Vorige pagina
De Amsterdamse Canon - Gas- en watersocialisme - Wim Treub (1896)


Fotograaf onbekend. Waterleiding, pompstation aan de Haarlemmerweg, 1903
Collectie Stadsarchief Amsterdam
32. Gas- en watersocialisme (1896)
Rond de eeuwwisseling kreeg de gemeente er heel wat taken bij. Onder leiding van Wim Treub kwamen belangrijke voorzieningen als gas, water en de telefoon onder overheidscontrole. Met Floor Wibaut zou de gemeente ook de woonellende aanpakken. De stad werd een proeftuin voor de verzorgingsstaat.

Aan het einde van de negentiende eeuw werd de stad groter en ingewikkelder. Steeds meer burgers vonden dat in deze moderne tijden het gemeentebestuur allerlei onmisbare voorzieningen als het openbaar vervoer, het ophalen van het vuilnis, en de levering van gas en drinkwater niet langer aan particuliere ondernemingen mocht overlaten. Die vroegen niet alleen een hoge prijs, de bedrijven bleken ook ongevoelig voor klachten.

Het gemeentebestuur wilde die verantwoordelijkheden niet, het bestuurde liever op afstand. Deze afwerende houding werd doorbroken door een nieuwe politieke groepering van jonge, vooruitstrevende liberalen: de Radicalen. De onomstreden en onvermoeibare leider van die groep was Wim Treub (1858-1931). Als wethouder van Financiën en daarna van Publieke Werken, kreeg hij de kans zijn visie op een goed en modern gemeentebestuur te realiseren.

Als eerste wist Treub de waterleiding tot een openbaar nutsbedrijf om te vormen (1896). Er kwam zo niet alleen goed drinkwater in de stad, maar de druk was ook hoog genoeg om een kraan op de tweede verdieping te bereiken. Datzelfde jaar wist hij na een spectaculaire strijd met de Nederlandsche Bell-Telephoon Maatschappij de telefoon in gemeentehanden te krijgen. Daarna volgde het gas (1898), twee jaar later de tram. De reizigers konden nu een stuk goedkoper reizen, en de gemeente deed meteen forse investeringen om de tram elektrisch te maken.
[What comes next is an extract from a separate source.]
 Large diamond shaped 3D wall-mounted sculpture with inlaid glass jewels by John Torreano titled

Het leven in de stad verbeterde, maar voor de allerarmsten niet voldoende. Vooral hun huisvesting was zorgwekkend. In de Jordaan, de eilanden en de ‘jodenhoek’ rond het Waterlooplein leefden gezinnen op elkaar gepakt in vochtige, duistere kelderwoningen, in haveloze krotten vol ongedierte. En de stad groeide nog steeds – van 467.000 inwoners in1896 naar 718.000 in 1925 –, waardoor verkrotting en overbewoning alleen nog maar toenamen. Nieuwe en vooral betaalbare huizen waren er niet.
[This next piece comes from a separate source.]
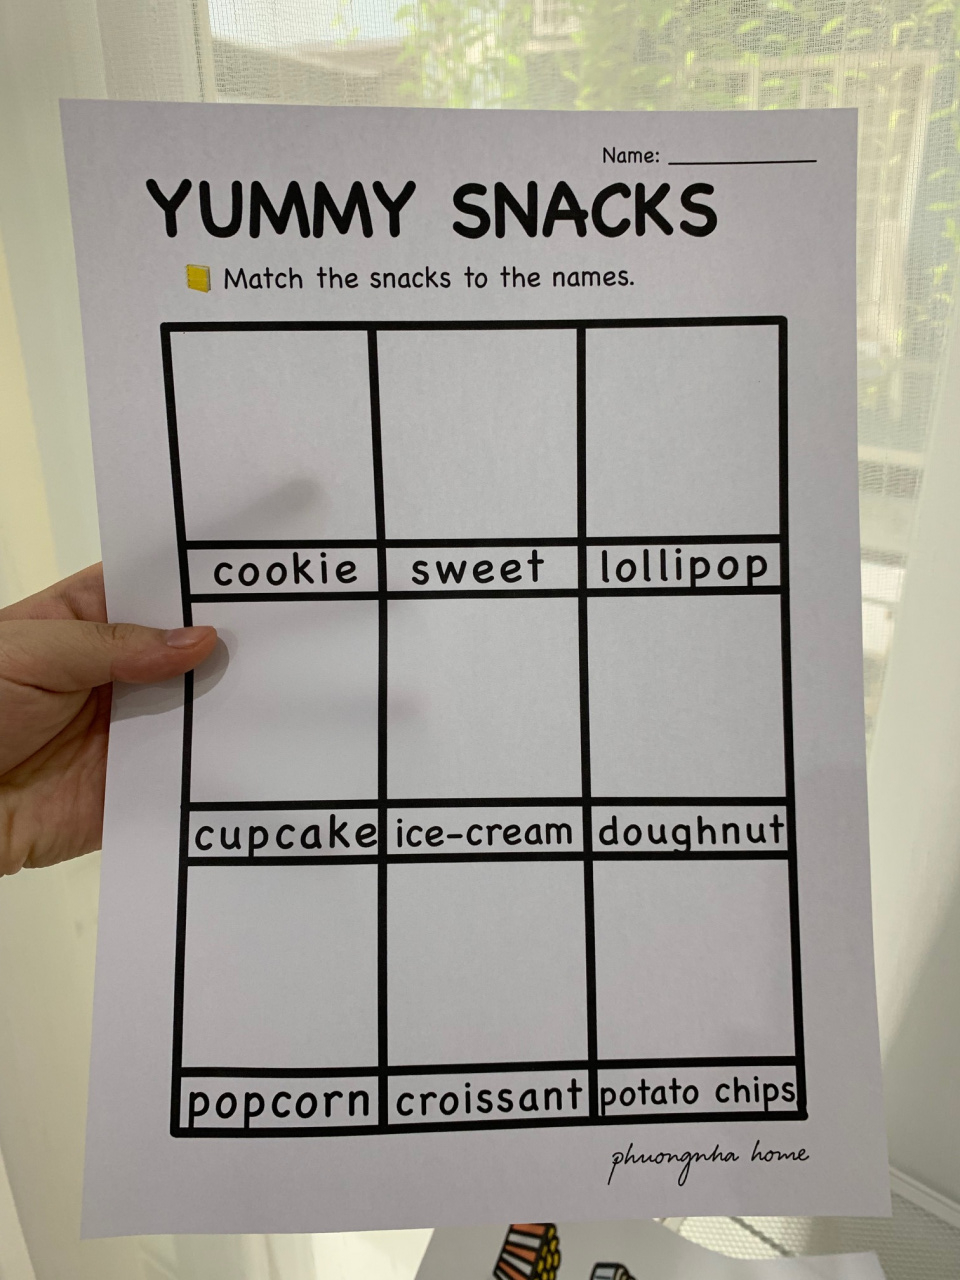 My Kids Learn About The Snacks By Pasting Match Paper

Dat probleem kon alleen opgelost worden met enorme inspanningen en grote subsidies van de overheid. En het was de sociaal-democratische wethouder F.M. Wibaut (1859-1936) die dat aanpakte en van Amsterdam ‘het Mekka van de volkshuisvesting’ wist te maken. Alleen al tussen 1917 en 1922 zette de gemeente samen met de woningbouwverenigingen bijna 6500 woningen neer, met name in de Transvaalbuurt en Betondorp. In de jaren daarna zou er om de oude binnenstad heen en in Amsterdam-Noord een grote cirkel van arbeiderswijken verrijzen. In verkiezingscampagnes werd dat samengevat onder de leus ‘Wie bouwt? Wibaut!’

Wibaut heeft meer gedaan voor de stad. Hij gold decennialang als ‘de onderkoning van Amsterdam’. Uitgangspunt van zijn beleid was dat de gemeente moest zorgen voor ‘het grootst mogelijke gerief’ voor de bevolking, tegen de laagste kosten én naar draagkracht. Hij was vooruitstrevend op het gebied van onderwijs, cultuur, personeelsbeleid, sociale voorzieningen en openbare nutsbedrijven. Onder zijn bewind veranderde Amsterdam in een proeftuin voor de verzorgingsstaat.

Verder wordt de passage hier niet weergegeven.